Bnb has been so integral to my ttc no1 journey it’s the first place I turned to for ttc no.2


----------



## Alexas Mommy

I keep thinking the same thing! Been on here since 2008 and it has quieted way down! I miss the crowd!


----------



## Tesh23

Me too!

I was so looking forward to the wonderful experience I had ttc previously and I’m kinda bummed out lol. 

I see the pregnancy forums are going great so at least that’s awesome to look forward to! Where have all the ttc’ers gone


----------



## rectopathic

I googled ‘Baby and bump” after returning back after 5 years. Nothing came up on google, I thought the website had shut down. I could only find it by typing in ‘Momtastic’ afterwards. Iget the feeling it doesn’t show up as the first page searches like it used to?


----------



## ClairAye

I get it! I was first here in 2011/2012 and it was already quieter when I was pregnant again in 2013. I think Facebook groups are the 'go to' now!


----------



## bbbbbbb811

ClairAye said:


> I get it! I was first here in 2011/2012 and it was already quieter when I was pregnant again in 2013. I think Facebook groups are the 'go to' now!

It’s a shame because I don’t have Facebook but I do think people have moved over to social media. I have also found it quieter since the update but that might just be a coincidence!


----------



## beclou94

I know what you mean, it's really sad. This was my go to in 2012 when I was pregnant with my first, and now it's so quiet. :( x


----------



## Tesh23

I get the social media thing... but this was a great place to still remain anonymous while having complete freedom to ask and feel what you want without fear of judgement. Much more relaxed! 

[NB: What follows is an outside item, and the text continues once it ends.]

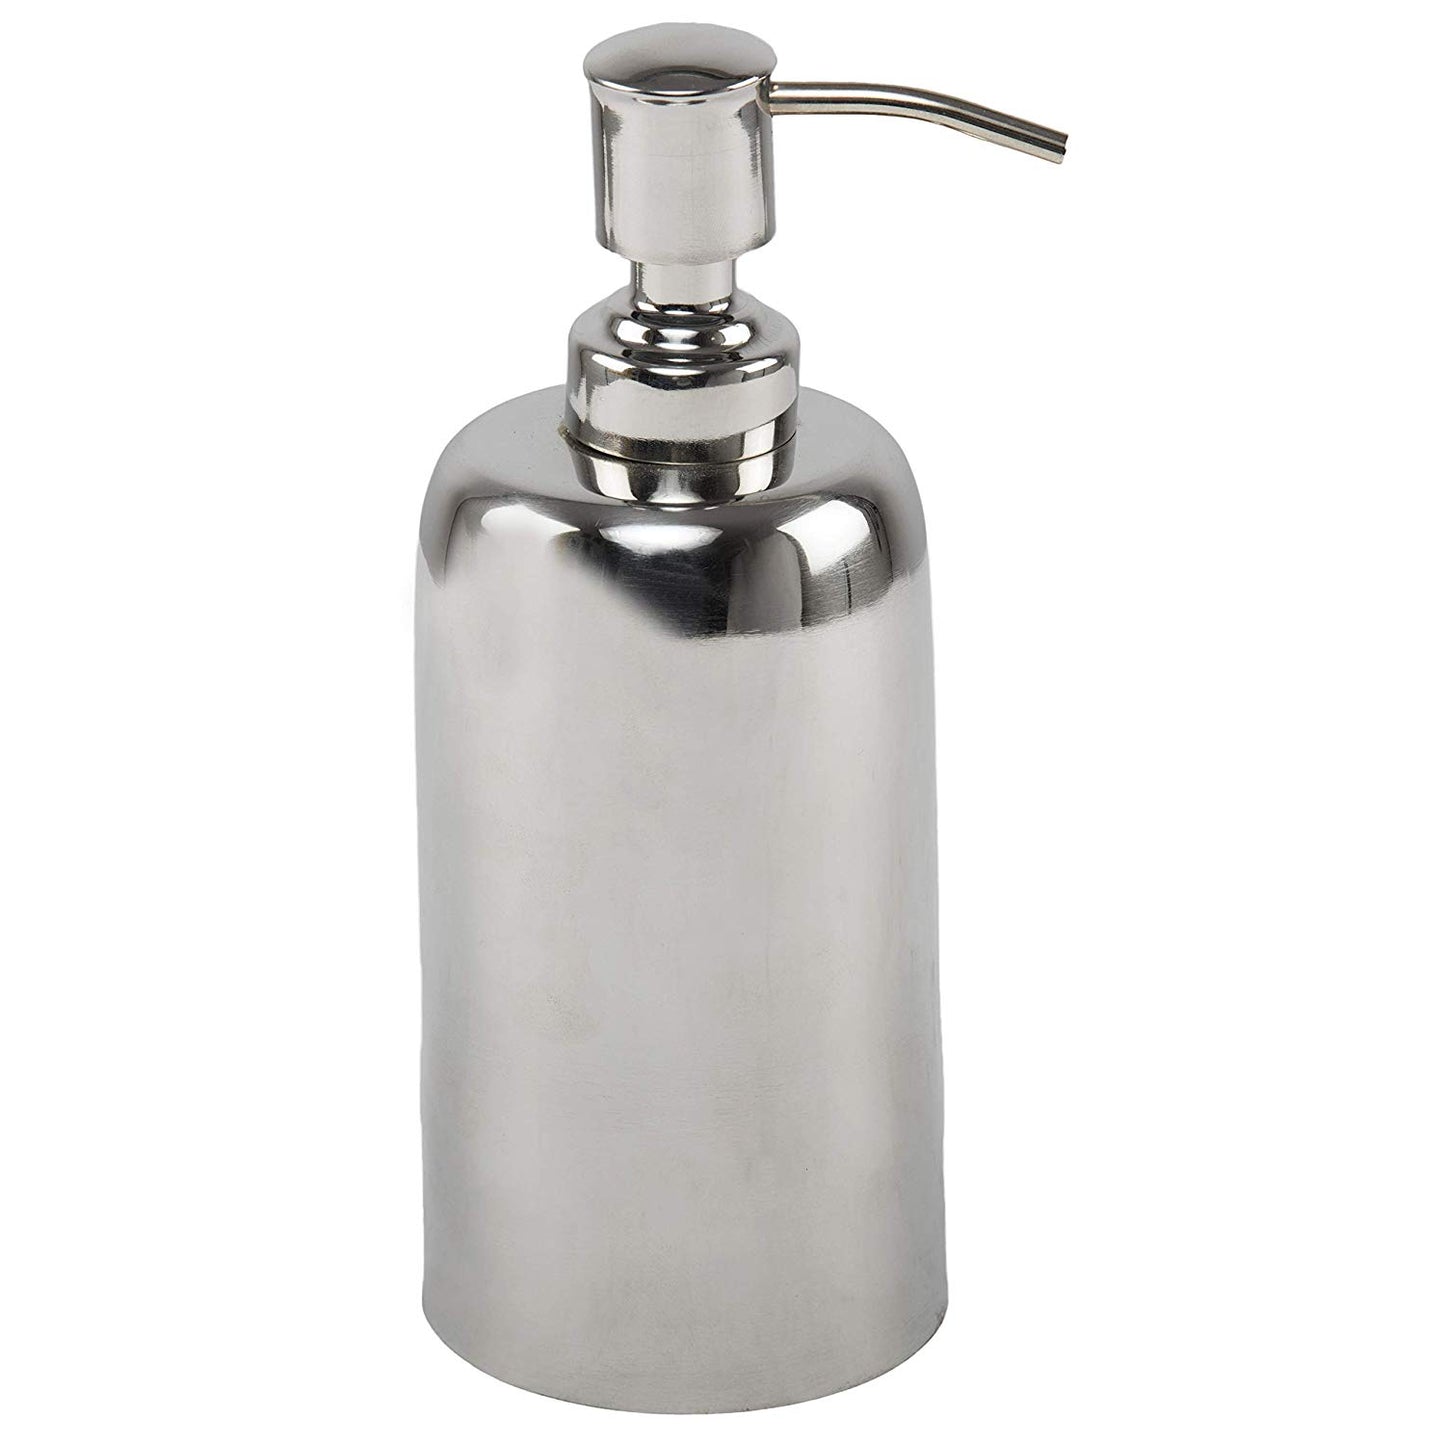 SWHF High Grade Stainless Steel Soap Dispenser- Curved - SWHF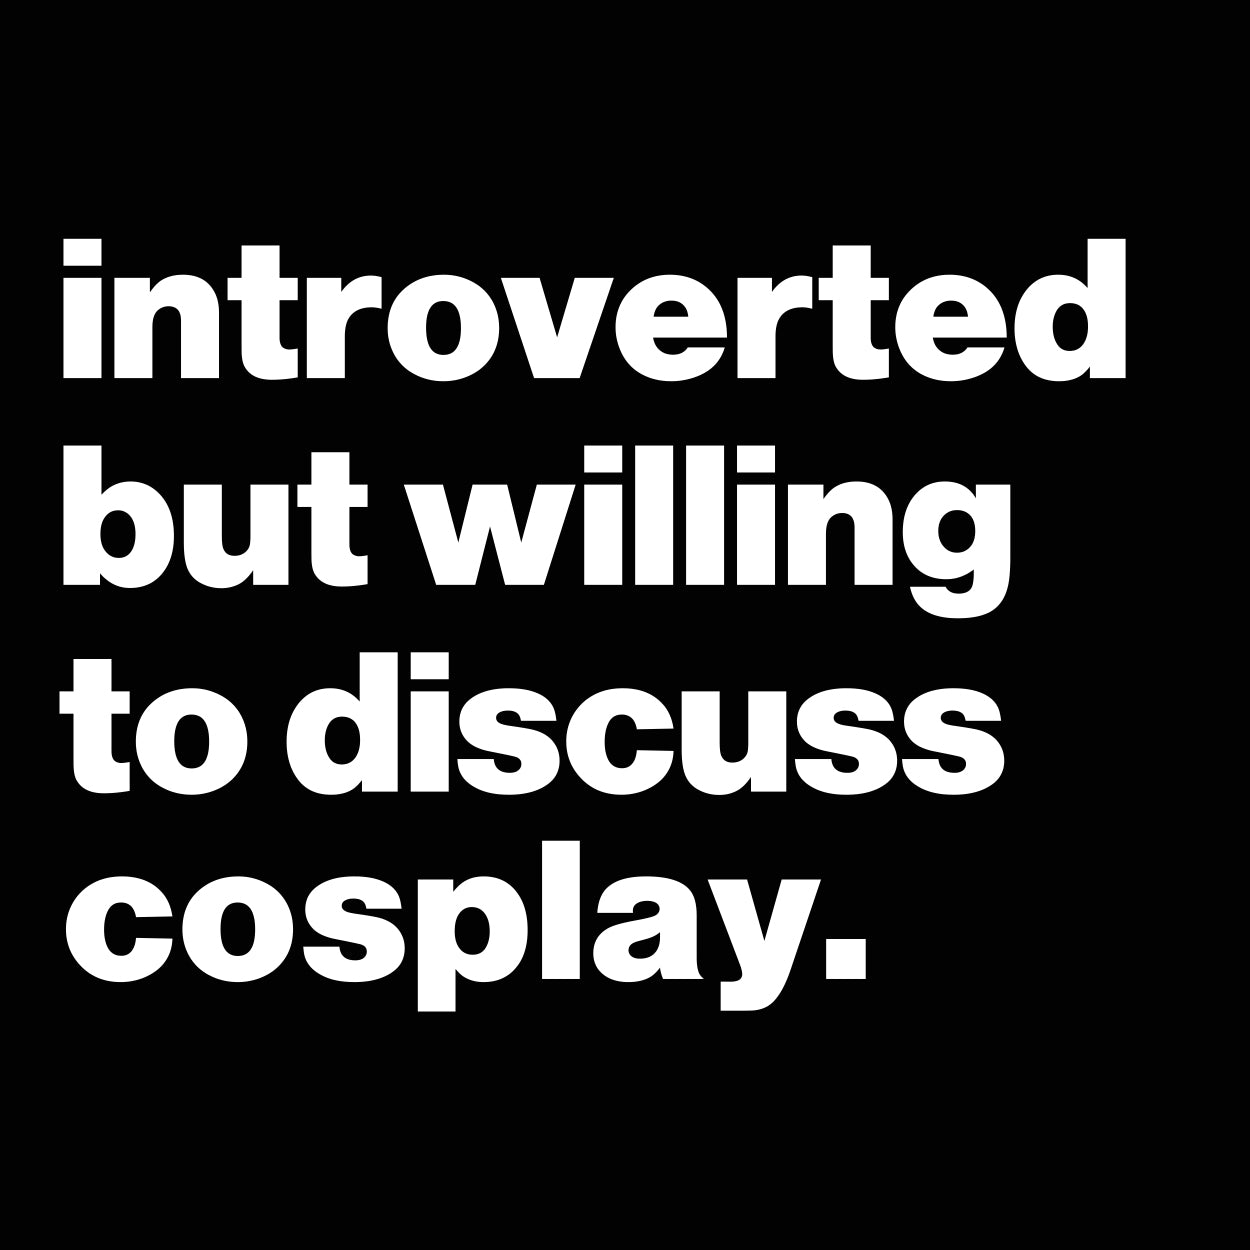 Introverted But Willing To Discuss Cosplay Tshirt - Donkey Tees

Some of us don’t want family and friends knowing we’re ttc

Anyway, soy isoflavones worked for me after 17 months ttc no1 and we are ready to try this month. AF should have arrived today but it’s as quiet as these forums today

Planning on taking soy from cd2-6 160,169,169,290,200. How is everyone else going?


----------



## Wobbles

Welcome back lovely <3


----------



## Cewsbaby

I've noticed this too! Its just not the same as it used to be. I recommend it to alot of new mommies to be but I doubt they use it.


----------



## Tesh23

Cewsbaby said:


> I've noticed this too! Its just not the same as it used to be. I recommend it to alot of new mommies to be but I doubt they use it.

Same here. My sister recently fell pregnant and one of the first words out my mouth were: go join this online forum called babyandbump! Lol

Thanks Wobbles! even though it’s quiet it’s really good to be back on here


----------



## Nina24

I just logged on and saw the same and I am so sad. It used to be buzzing! I made so many friends on here.


----------



## Bevziibubble

Welcome back! :)


----------